La guitarra flamenca de Yerai Cortés – Dir. Antón Álvarez
Carmen Osadía / 20.12.2024
Una pena que contar, traducida en sala como una pasión atragantada que guardó silencio hasta poder transmitirse. Esta idea central, casi visceral, marca la primera incursión cinematográfica de Antón Álvarez, alias C. Tangana, en La guitarra flamenca de Yerai Cortés.
La premisa se nos presenta con una fuerza incontestable, como su ruptura en pantalla: el flamenco en bruto, envuelto en una luz blanca casi cegadora que transforma cada acorde en pulsaciones profundas, dejando sitio a la escucha y a un latido, sin previo aviso. Álvarez, en su debut detrás de las cámaras, parece querer llevarnos al centro mismo de esa vibración emocional, esa herida abierta que es el flamenco, tal como lo hizo ya en los estadios con su Sin cantar ni afinar Tour. Aunque estamos ante una ópera prima, no se percibe como un primer intento. Al contrario, el espectador familiarizado con su obra musical reconocerá aquí los ecos de ese proceso creativo que ya asomaba en sus conciertos: una intensidad que se construye desde la precisión visual y sonora, donde guitarras, voces y la captura en directo se amalgaman en una especie de coreografía sensorial. Estarán de acuerdo en que ya hubo cine por entonces: Álvarez ya dirigía la mirada de sus oyentes, pero aquí la amplifica para convertirla en una experiencia totalizadora, casi inmersiva, es decir, una película. Con La guitarra flamenca de Yerai Cortés, el flamenco no es solo un género musical: es un estado de ánimo, un cohete de transmisión emocional que él mismo plasma con una mirada reconocible ya en un sello. Esa comunión entre música y cinematografía es donde la película encuentra su verdadera fuerza. Lo visual se pliega ante lo sonoro, pero a su vez lo potencia, en un juego de espejos donde todo está dirigido a una única emoción: el duende y las raíces.

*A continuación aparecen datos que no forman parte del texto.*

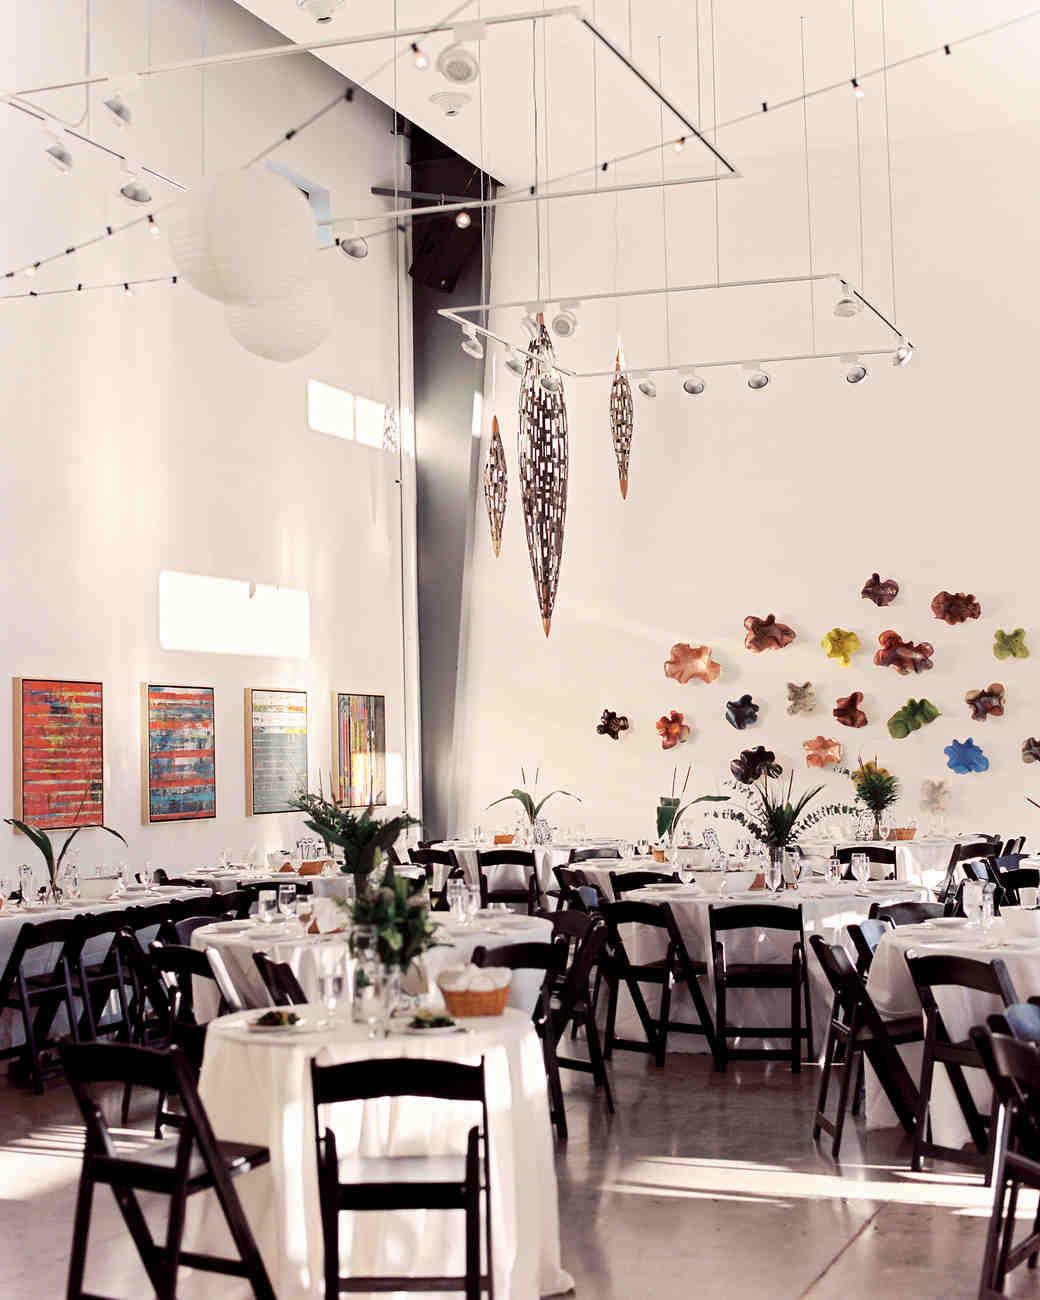 sydney-mike-wedding-reception-100-s111778-0215.jpg

Con toda la consciencia del lujo que a continuación me permito, me reservo, por puro placer emocional, el derecho de no profundizar en las correcciones que una crítica cinematográfica profesional exigiría. La guitarra flamenca de Yerai Cortés ha traspasado a esta servidora de una manera que desborda cualquier análisis técnico: unas lágrimas nacieron para quedarse, trazando un camino directo hacia el lugar que siento que me corresponde. Y es precisamente en ese terreno de conexión tan íntima donde esta obra, más que un filme, se convierte en experiencia. A la no ficción, exijamos la captura de la verdad. Obviemos la rectitud en la narrativa y quedémonos con la intención tan vulnerable y expuesta: la inocencia en la dirección y en el montaje, subrayada de sangre de corazón. Que no se nos olvide este arte como medio de expresión. Subrayaba María García “No soy frágil como una flor. Soy frágil como una bomba”. Y así le presiden los 91 minutos de largometraje. Volvamos a la torpe o no toma de decisiones – juzguen ustedes, si lo necesitan –en su estructura: No hay precisión en la complejidad de la imagen, pues tal y como afirmaba el propio Antón, el valor se quedaba en la verdad, el desenfoque fue inoportuno pero en ese plano quedaba la pureza. Y ese, ese es el que se queda. Una familia enfrentada a su propia historia con la valentía de ser contada al mundo, ¿no es eso lo que esperamos del cine? Valentía, riesgo, ensayo, y error. Ese es el puñal directo al corazón.
Un foco iluminaba aquella sala el 20 de Septiembre de 2024 de San Sebastián y de banda sonora un aplauso ensordecedor, transformando el foco azul en cálido: el equipo cinematográfico envuelto en su total intimidad. La pena que contar, el dolor que traspasar… ahora es belleza.